WORDS: Phoebe Hunt

Before there was Cap Juluca hotel, there was Pimms. As Anguilla’s first proper fine-dining spot, it’s been the place for Superyacht guests to return to, year after year. Now, more than four decades since it opened on a breezy terrace just metres from the water, the restaurant’s laid-back yet refined charm is as strong as ever.

Head Chef Justin Hughes wouldn’t have it any other way. Growing up on Anguilla, his deep respect for local traditions and ingredients is evident in everything that comes out of his kitchen. Pimms’ chef team work closely with local fishermen and nearby islands who bring in lobster, snapper, reef fish, crayfish and conch – among many other fish – caught hours before service. As Hughes describes, “the community partnerships are what keep the menu true to the local heritage”.

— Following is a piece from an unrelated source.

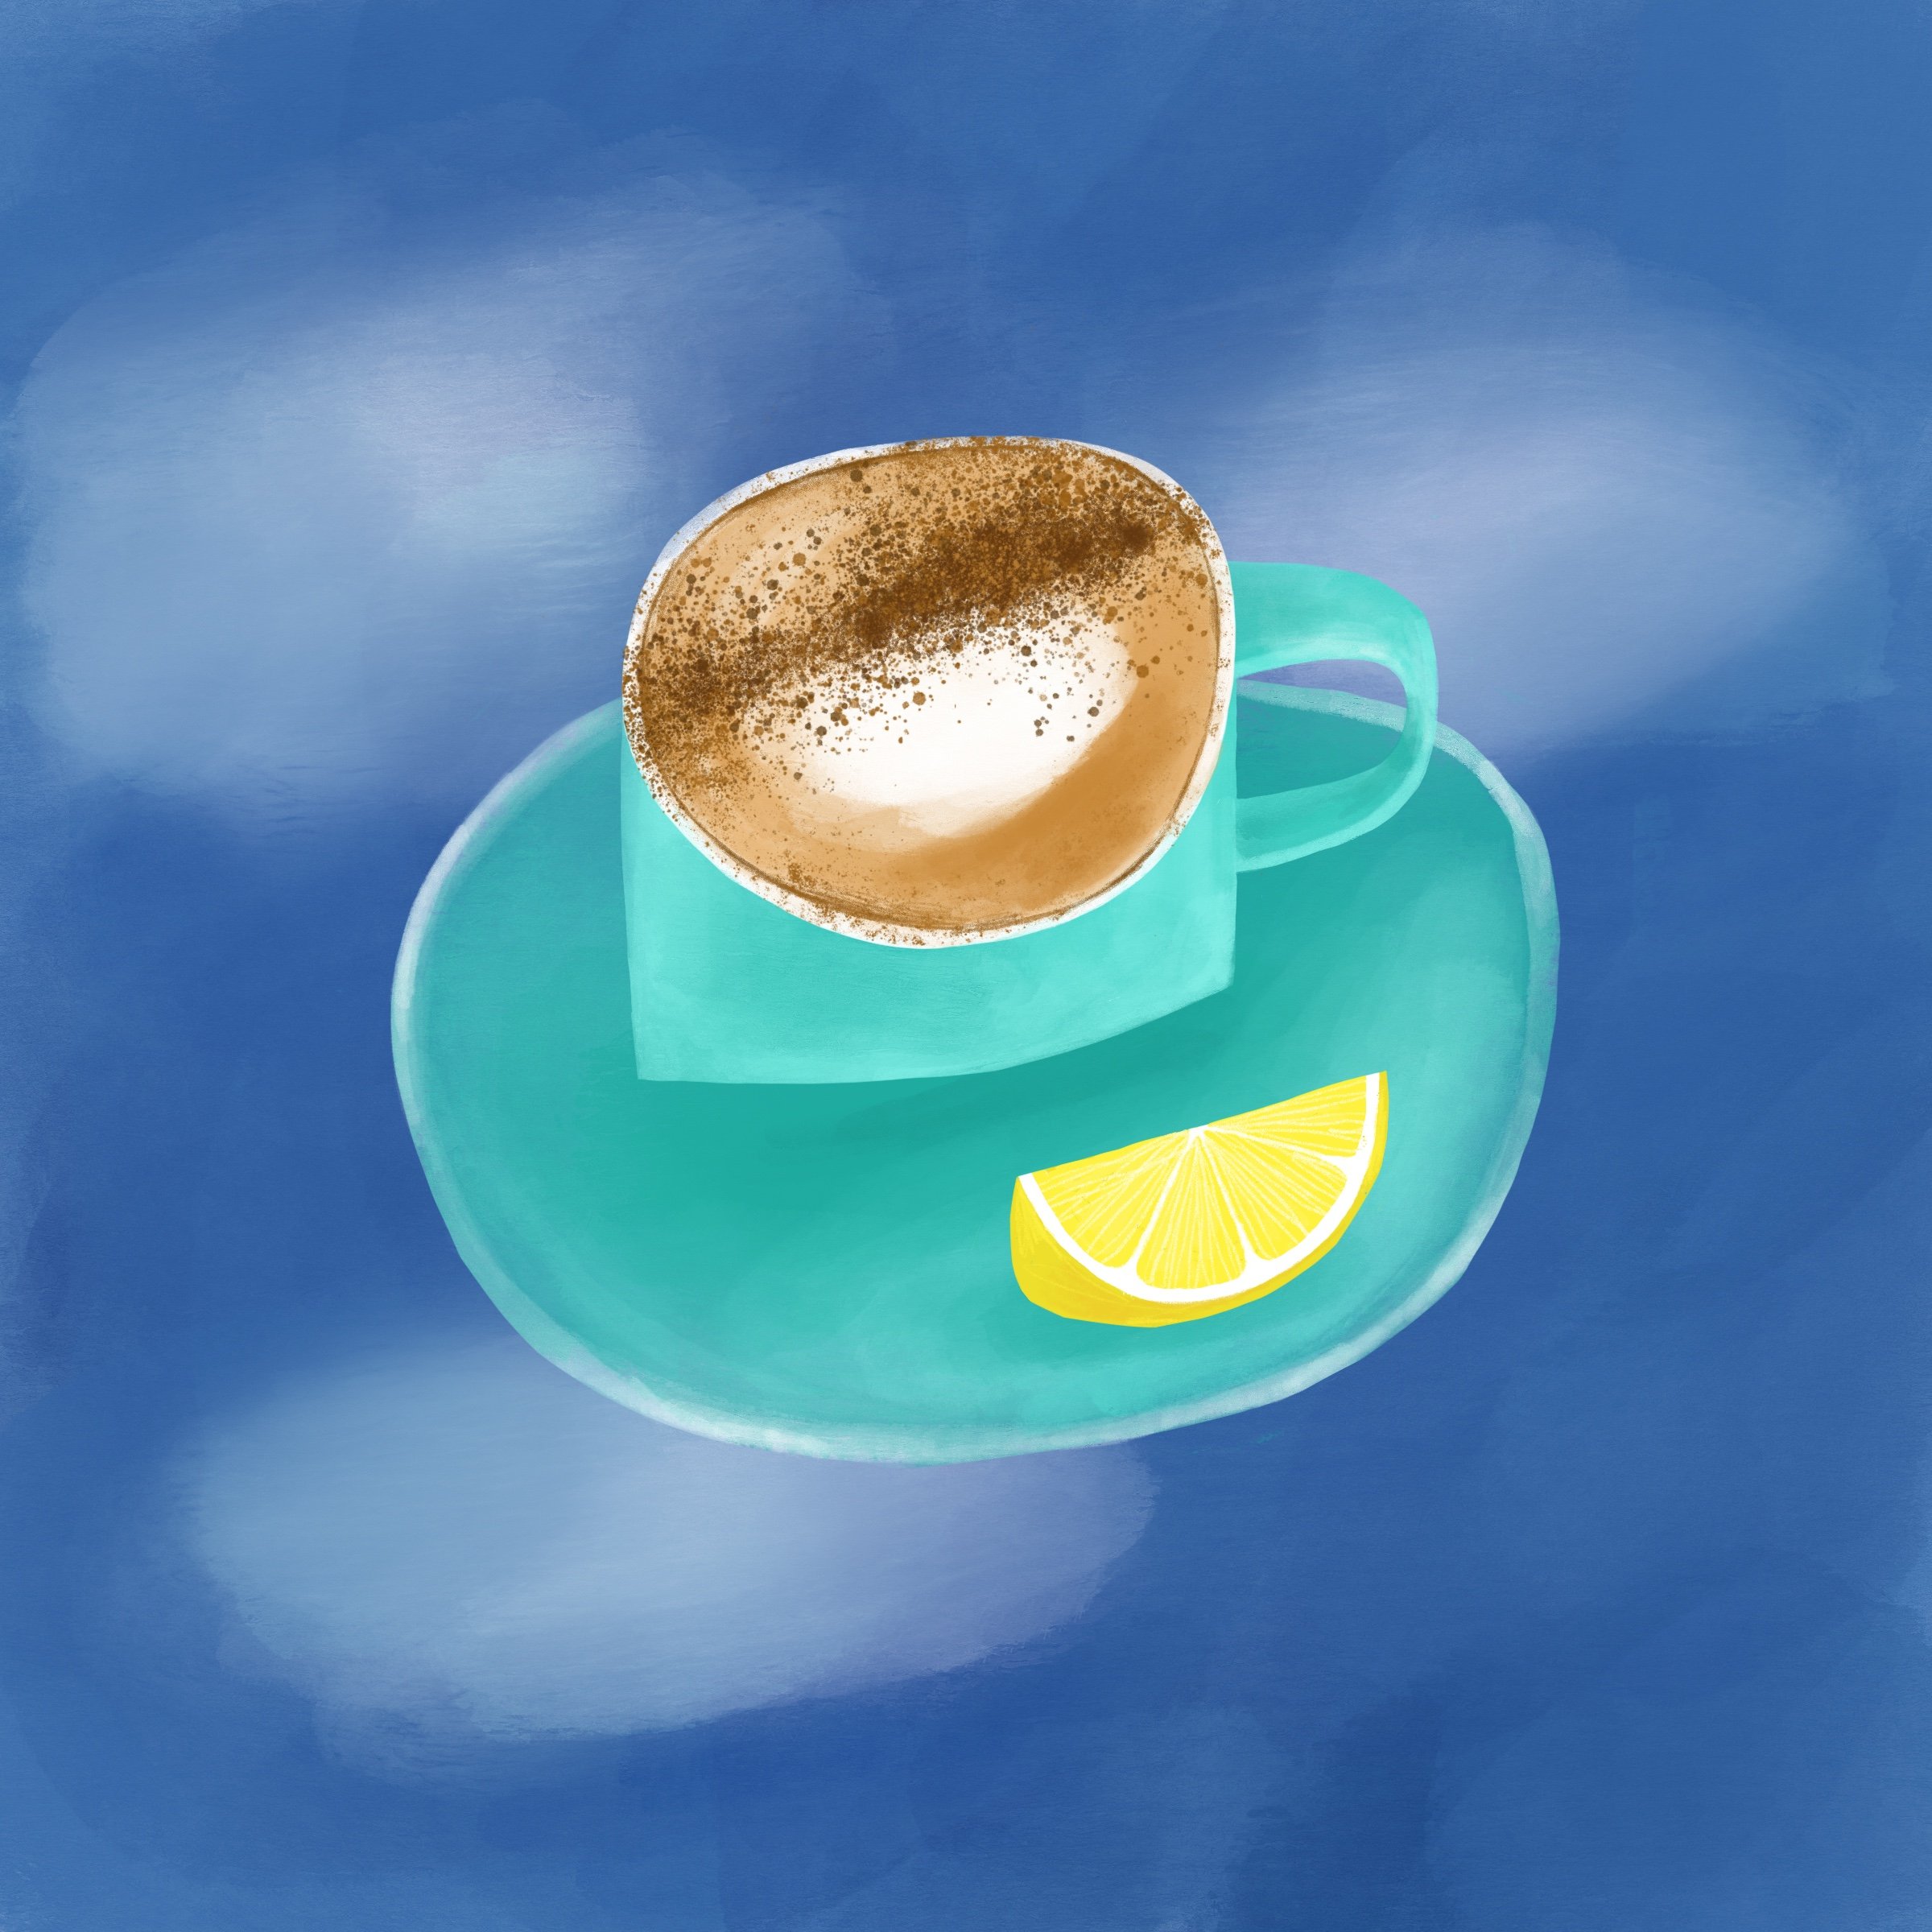 Illustrated cappuccino

The restaurant’s dishes often highlight the island’s produce through these very same fish, as well as fragrant herbs and seasonal Caribbean vegetables (some grown on the island). Take the Anguillian lobster poached in lemongrass butter with garlicky roasted leeks, for example, or the snapper crudo served with burnt orange, dashi and kumquats: both signature plates capture ocean-led provenance, French finesse and a deep sense of place. For something more outlandish, try the conch carpaccio, served with conch ceviche, conch fritters and a lime coconut sorbet. With conch shells littering Anguilla’s beaches as an unofficial symbol of the Caribbean, this is as zero-mile as it gets. As for Hughes’ personal favourite dish, “It’s got to be the grilled Anguillian crayfish for its sweetness and perfect char”.

Of course, it’s as much about the experience as the culinary prowess here. “Dropping anchor in the calm waters of Cap Juluca and tendering straight to Pimms feels like arriving at a private island dinner party,” Hughes continues. Before sitting down to dine, a Mâitre D’ welcomes you with a sea salt, coconut and lime hand scrub. Instead of regular bread on the table, tear a piece of brioche bun topped with island spices and sea salt. All of this is set to the sound of the waves lapping on the rocks metres below, and the colours changing dramatically as the sun sets over the other side of the bay.

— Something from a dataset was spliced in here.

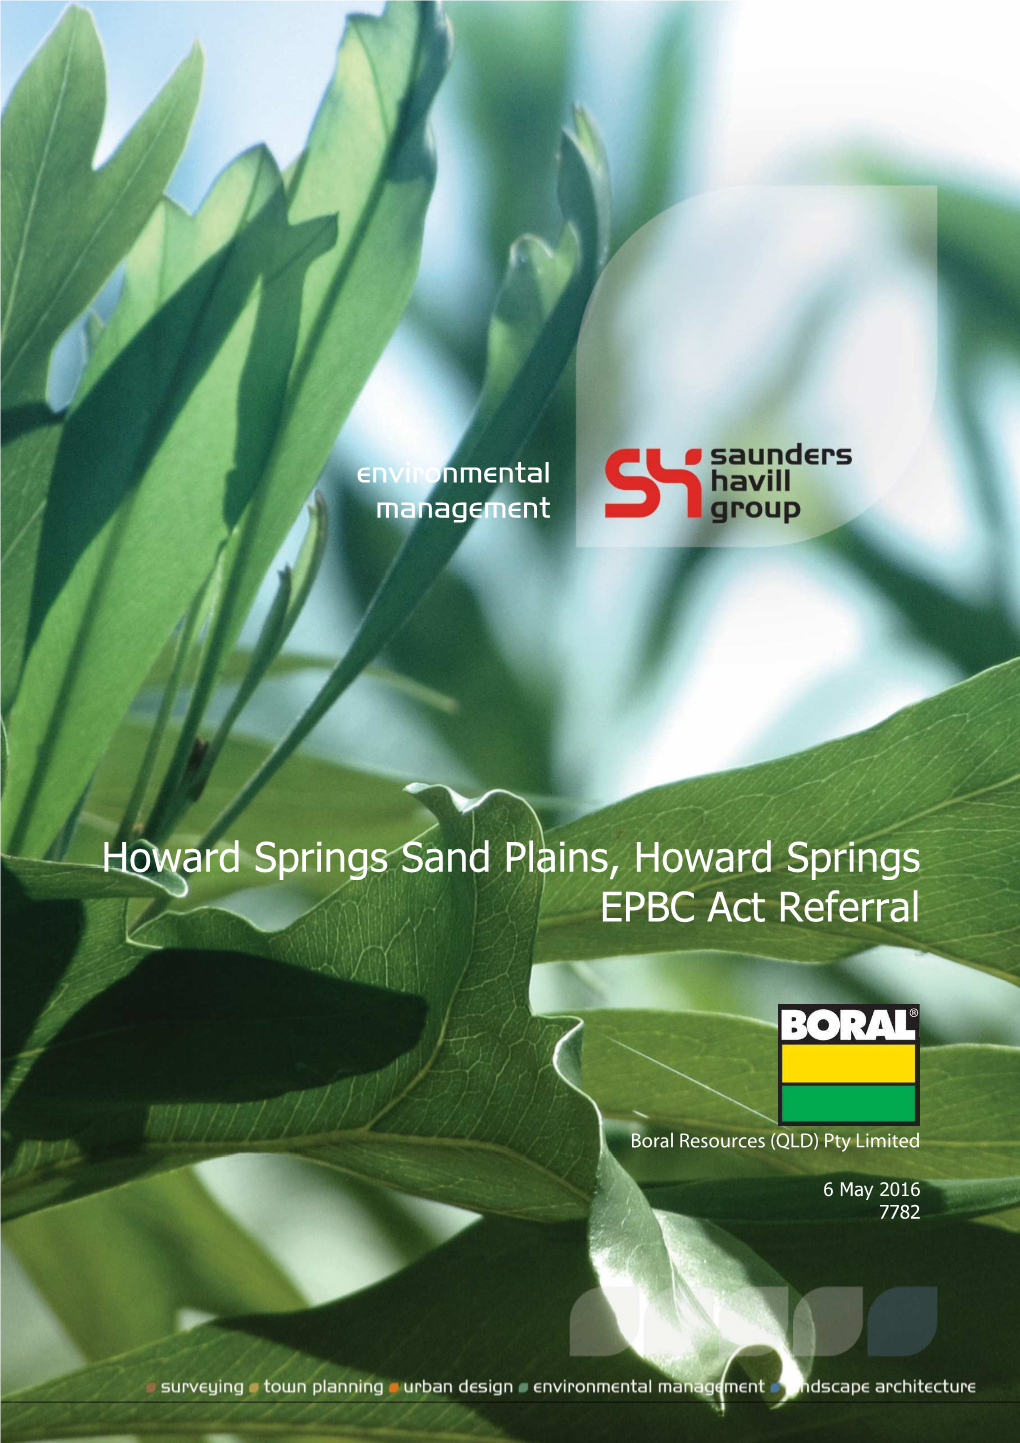 Howard Springs Sand Plains, Howard Springs EPBC Act Referral

As Anguilla evolves as an upscale travel destination with more hotels opening up, Hughes remains a proud part of its dining narrative. He’s a quiet but powerful force who brings the island’s food culture to centre stage and inspires younger chefs. His career grew within some of Anguilla’s most notable resorts, including a few different roles at Cap Juluca itself. Off the island, Hughes made a name for himself through his standout performances at the Taste of the Caribbean competition in Miami, where he represented Anguilla as part of the national culinary team. There, his artistry and precision earned him multiple medals, including a Gold Medal for Chef of the Year – one of the highest individual honours awarded during the 2012 competition.

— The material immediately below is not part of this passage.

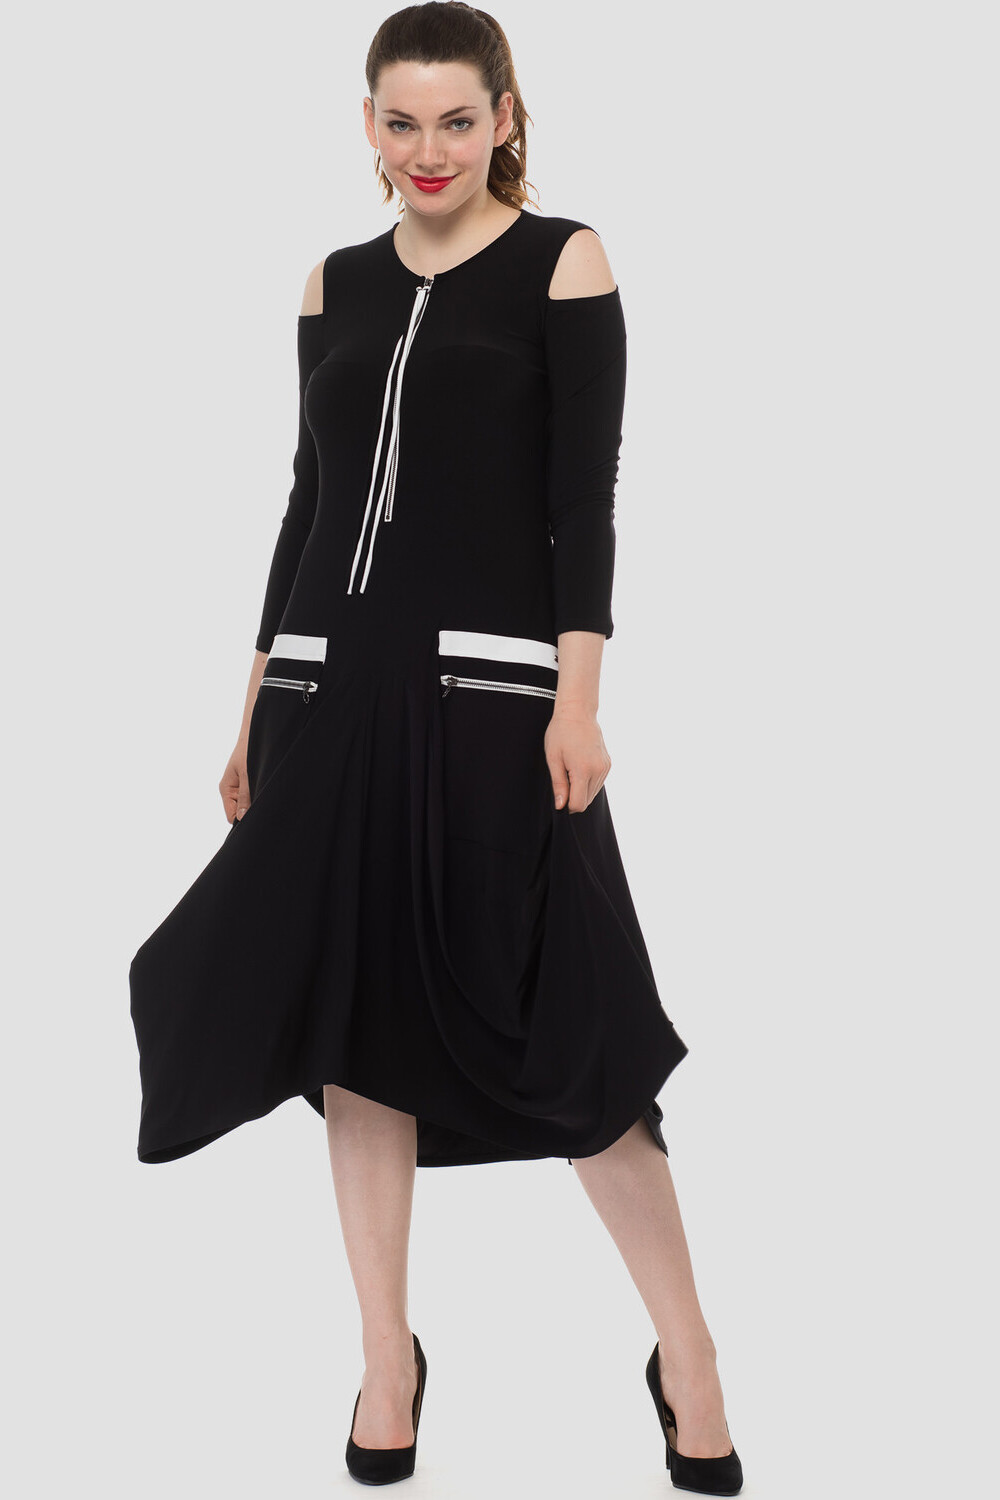 Joseph Ribkoff dress style 183003. Black/vanilla

His latest project? Alongside Chef Primrose Ritchie, he’s been involved in the opening of The Cap Shack, a dreamy beach hut bar right down on Maundays Bay, where you can eat with your soles on the sand. Rock up in your swimmers and sample Anguilla’s national dish, pigeon peas and rice, or have a light lunch of freshly prepared bites such as the Caribbean crab cake or the tuna poke bowl. Under the dappled light of a blue-and-white parasol, lean back and watch as extra-fresh beach eats are prepared in Cap Shack’s cutesy vintage food truck. Unlike at Pimms, this is the kind of place you can unwind on loungers and sweet egg-style dining chairs as you munch; where the sound of calypso and reggae drifts from the bar as, deliciously slowly, the afternoon draws on.